Democrat, Dallas, 57—Imagine a two-year-old child on a white silk sofa with a new set of Magic Markers. Add a large dose of glowering hostility and you get the picture of how Senator Eddie Bernice Johnson handled the responsibility of drawing new congressional districts for Texas. Disaster was swift, certain, and complete, and no amount of cleaning could eradicate the damage.

This was not hard to predict. Indeed, two influential senators warned Lieutenant Governor Bullock that giving Johnson the redistricting job was a terrible mistake, to no avail. It didn’t take long to prove them right. Her first plan created a new minority district in Dallas, which she was supposed to do, but—oops!—two white Democratic congressmen were left without a base when their homes ended up in the new district. Believe it or not, Houston was worse: One district had three congressmen in it, another two. When someone asked Johnson why her map had made five congressmen living outside the districts they represented, she blamed… the congressmen. It seemed that they hadn’t supplied her with their home addresses. “You know,” said one senator, shaking his head, “it doesn’t exactly take a private investigator to find out where a congressman lives.”

No one argued with Johnson’s desire to draw a district in Dallas that would elect a black. But Johnson was determined to draw a district that would elect one black in particular. Hint: Her initials were E.B.J. It was her insistence on having her way without any regard for vulnerable incumbents Martin Frost and John Bryant that snarled the redistricting process all summer. Meanwhile, Johnson was negotiating with the same lovable tactic that helped earn her a place on the Ten Worst List in 1989: She threatened to sue her colleagues if they didn’t support her plan.

Redistricting wasn’t all she made a mess of. Only the intervention of other senators kept her from unintentionally abolishing the kindergarten program for three-year-olds. Sometimes even intervention didn’t help. When someone pointed out that her bill prohibiting discrimination by private clubs seemed to exempt the Ku Klux Klan, she angrily replied that she didn’t care; she didn’t want to join the Klan anyway.

In the end, there was no justice. The Senate sided with Johnson and gave her the congressional district she wanted. One of her colleagues explained why: “Many members of the Senate are looking forward to her service in Congress.” Texas’ gain—but America’s loss.

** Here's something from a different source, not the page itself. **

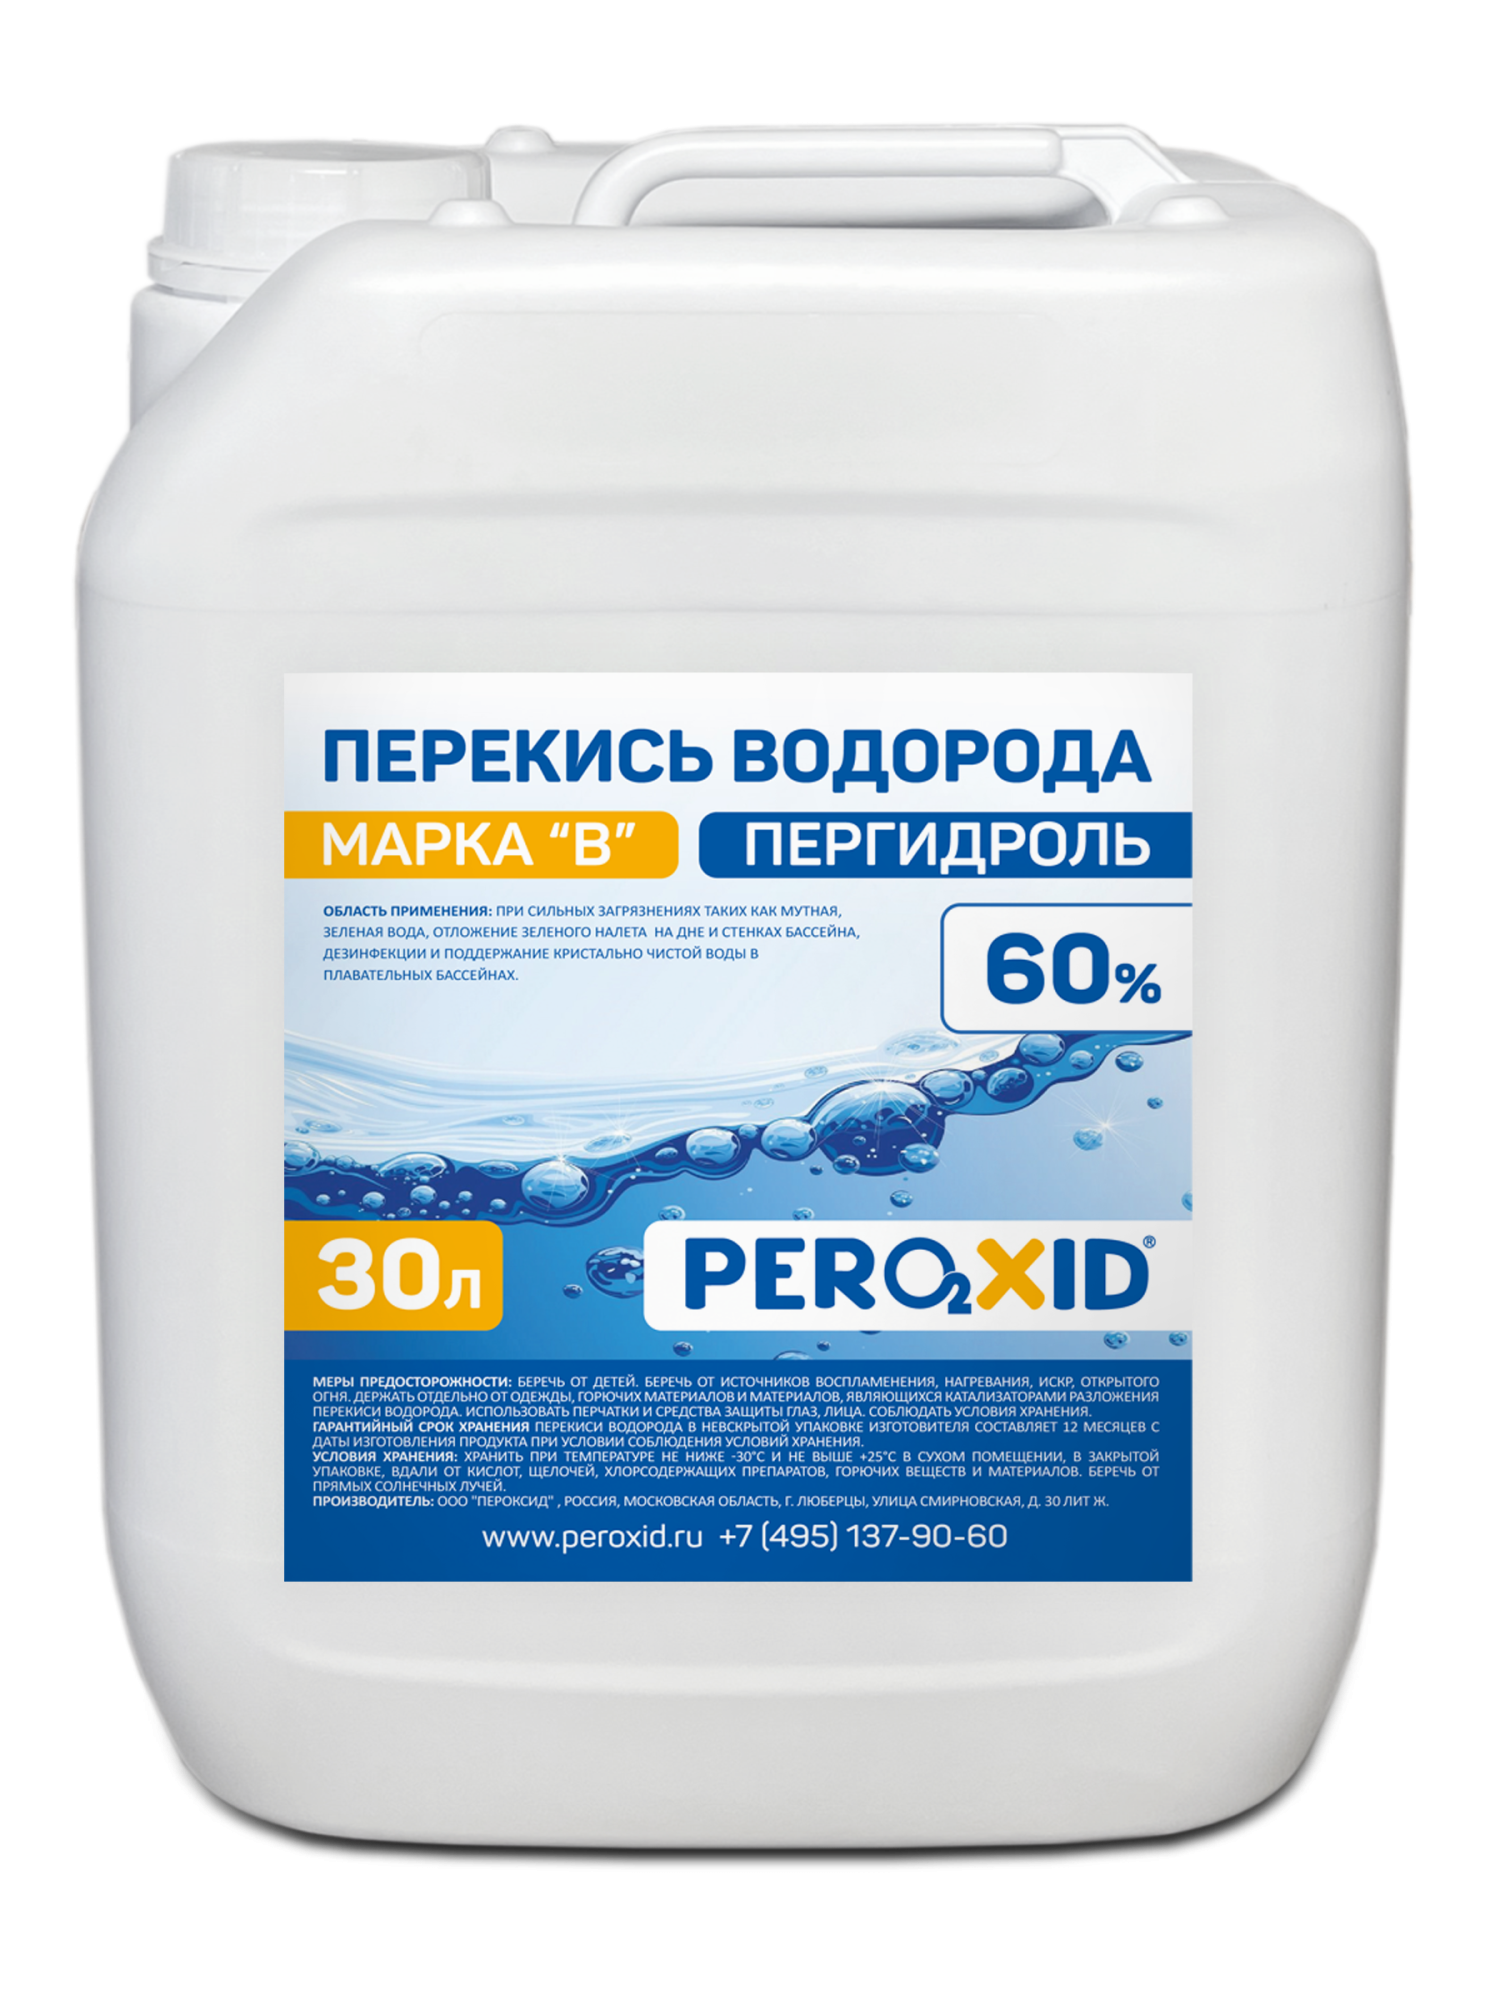 Перекись водорода (пергидроль) PEROXID 60% марка В ТУ 2123-002-25665344-2008 30 л/34 кг

Glenn Repp: the Soothsayer

Republican, Duncanville, 59—In Shakespearean times, Glenn Repp would have made a great soothsayer—the minor character who always prophesies doom, only to go unheeded. When Rep. Repp, as he is known, takes his stand at the microphone, his head cocked to right as if to emphasize the perspective from which he views the world, the one thing certain is that no one will pay any attention to what he says.

Repp is the latest in the long line of legislators on the Ten Worst list who know what they are against but don’t know what they are for. As a result, he is at once noisy and ineffective. (“What was Repp talking about?” one member asked another in the back of the House chamber, referring to a pointless Repp question. “Did he know he was talking about?” came the reply.) Repp’s arguments always seemed to emphasize broad, ideological points instead of specific problems and thus persuaded no one. Sure, the school-finance bill was awful. But there’s nothing to be gained by attacking it as “you worst socialist nightmare”—other members just groan and tune you out. Sure, the House redistricting plan for Dallas County (which put Repp in a largely black district) was a partisan Democratic gerrymander. But while other Republicans were laying the groundwork for attacking the plan in court, Repp lost ground by calling it racist. Once he opposed a bill imposing hiring requirements on school districts because—ideology again—it violated local control. Repp lost, of course. But if he had pointed out that the bill made it harder to fire incompetent business managers, the outcome might have been different.